Bremen. Selten wird während der Bürgerschaftssitzung zu Beifall aufgerufen. Karin Mathes (Grüne) vom Präsidium hat es am Dienstag getan: 'Ich denke, jetzt können Sie applaudieren.' Damit ist am Dienstag ein langer Prozess aus Diskussionen, Anhörungen und Ausschusssitzungen abgeschlossen worden. Die Bürgerschaft verabschiedete ein neues Beirätegesetz, das die Rechte der Kommunalparlamente stärkt. Bürgermeister Jens Böhrnsen (SPD) urteilte gleich doppelt euphorisch: 'Ein Meilenstein, ein Quantensprung.'

In ein bis zwei Wochen, wenn der Text im Amtsblatt veröffentlicht ist, soll das Gesetz bereits in Kraft treten. Die Beiräte können damit über ein Budget von zusammen rund 15,5 Millionen Euro entscheiden, sie können Konfliktfälle bis in die Stadtbürgerschaft tragen und es gibt jährliche Planungskonferenzen, in denen die Verwaltungen ihre Vorhaben für den jeweiligen Stadtteil präsentieren. Anhörungs- und Entscheidungsrechte der Beiräte werden deutlich ausgeweitet. Bürgermeister Böhrnsen: 'Das Gesetz ist ein Angebot, aber noch keine Veränderung in der Realität.' Um die zu erreichen, müssten die Bürgerinnen und Bürger das Angebot auch nutzen.

Die Linke enthielt sich in der Abstimmung, die FDP votierte gar gegen das Gesetz. Auf einen der Gründe dafür wies Klaus-Rainer Rupp (Linke) hin: Wenn künftig Anfragen an die Verwaltung gerichtet werden, reiche dafür ein Viertel der Beiratsmitglieder aus. Kleine Fraktionen sind dazu aus eigener Kraft nicht in der Lage, sie müssen sich mit anderen abstimmen. Rupp monierte, dies sei 'eine Benachteiligung, die nicht hätte sein müssen'. Für Diskussionsstoff sorgte gestern ferner die Regelung, dass künftig die Mitgliedschaft im Beirat sofort dann endet, wenn die betreffenden Personen aus dem Stadtteil fortziehen. Die Linksfraktion sieht darin eine Benachteiligung von Hartz-IV-Empfängern, die im Zweifelsfall gezwungen seien, sich ohne Rücksicht auf den Wohnort günstigen Wohnraum zu suchen.

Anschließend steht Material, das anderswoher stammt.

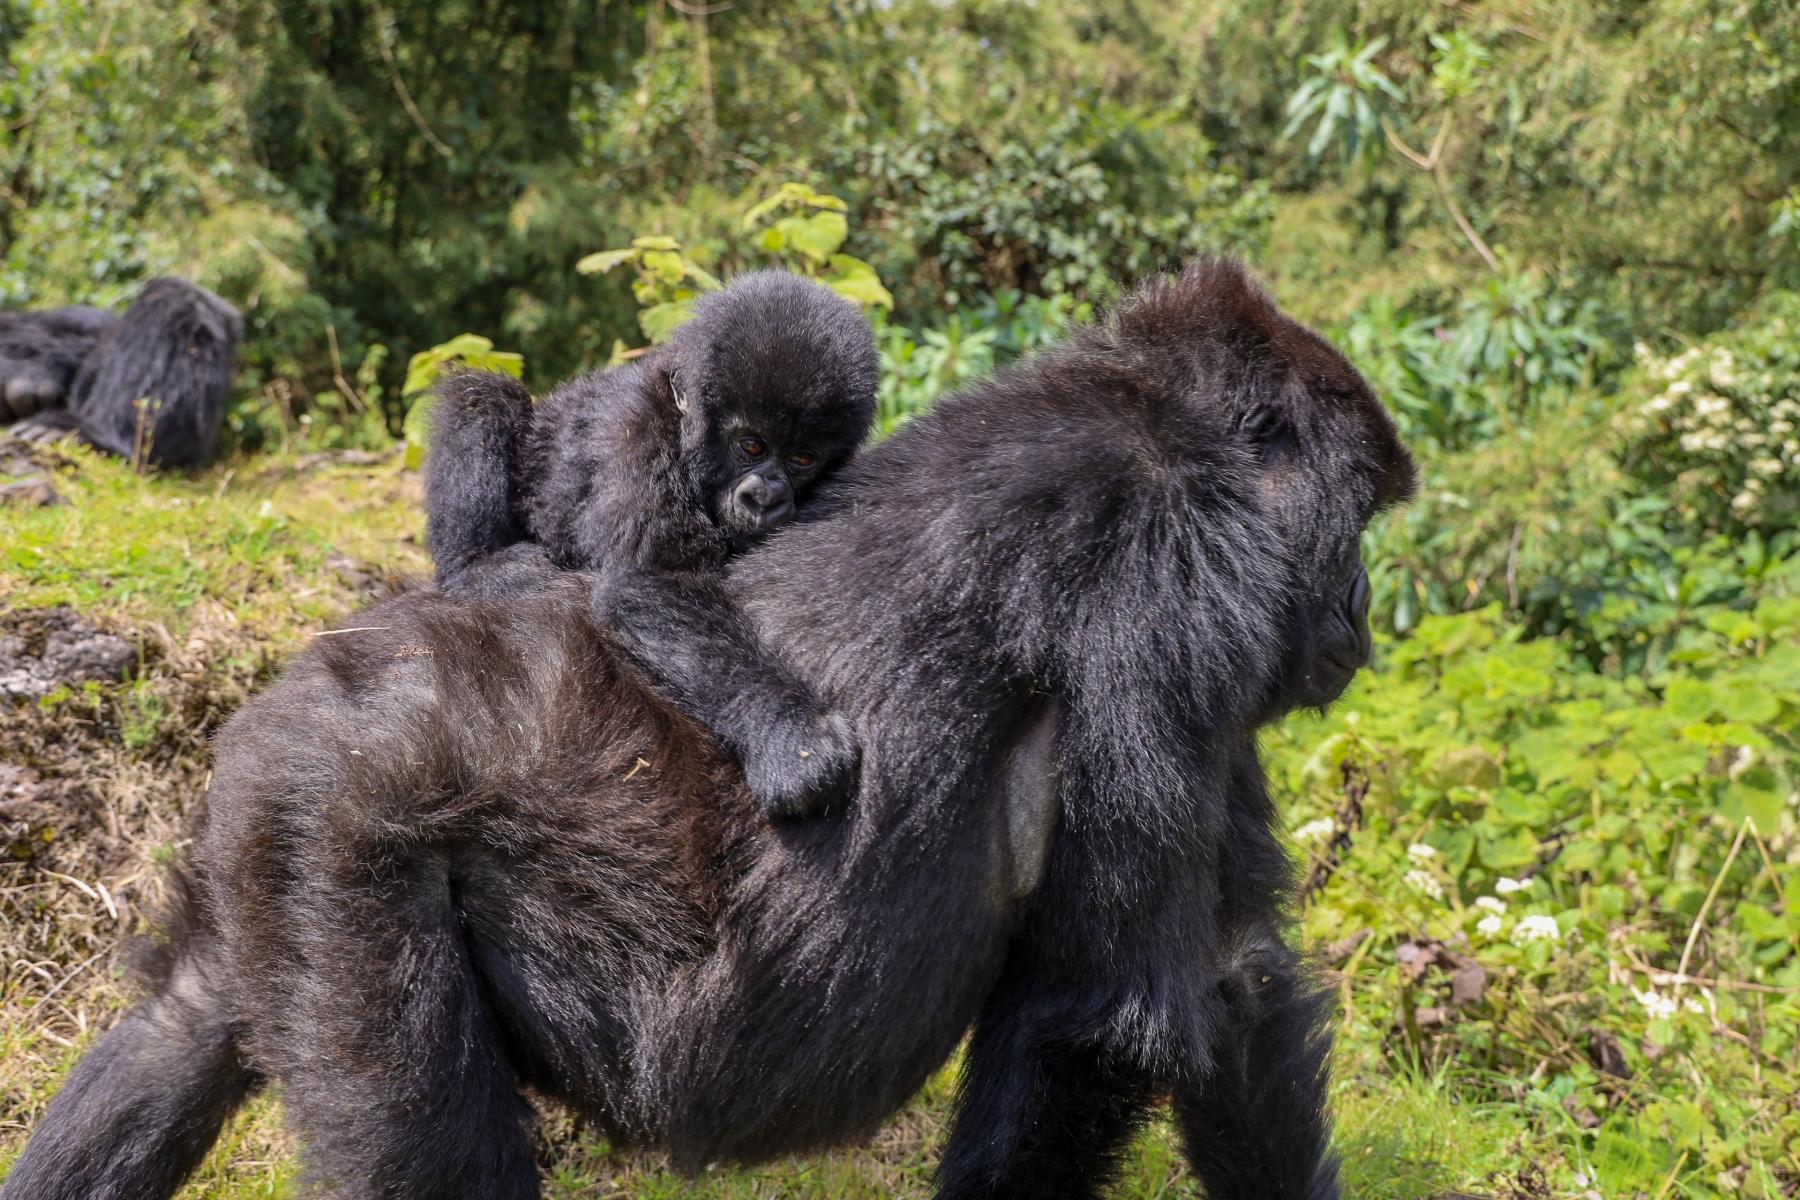 Rwanda-Gorilla-Trekking-Photo-Credit-Kate-Webster-098

Birgit Busch (SPD) verteidigte hingegen das Prinzip, dass die Beiratspolitiker auch im Stadtteil wohnen sollen. 'Wir mussten eine Regelung treffen.' Unter dem Strich gehe das Gesetz viel weiter, 'als viele von uns es sich vorgestellt haben', so ihr Gesamturteil.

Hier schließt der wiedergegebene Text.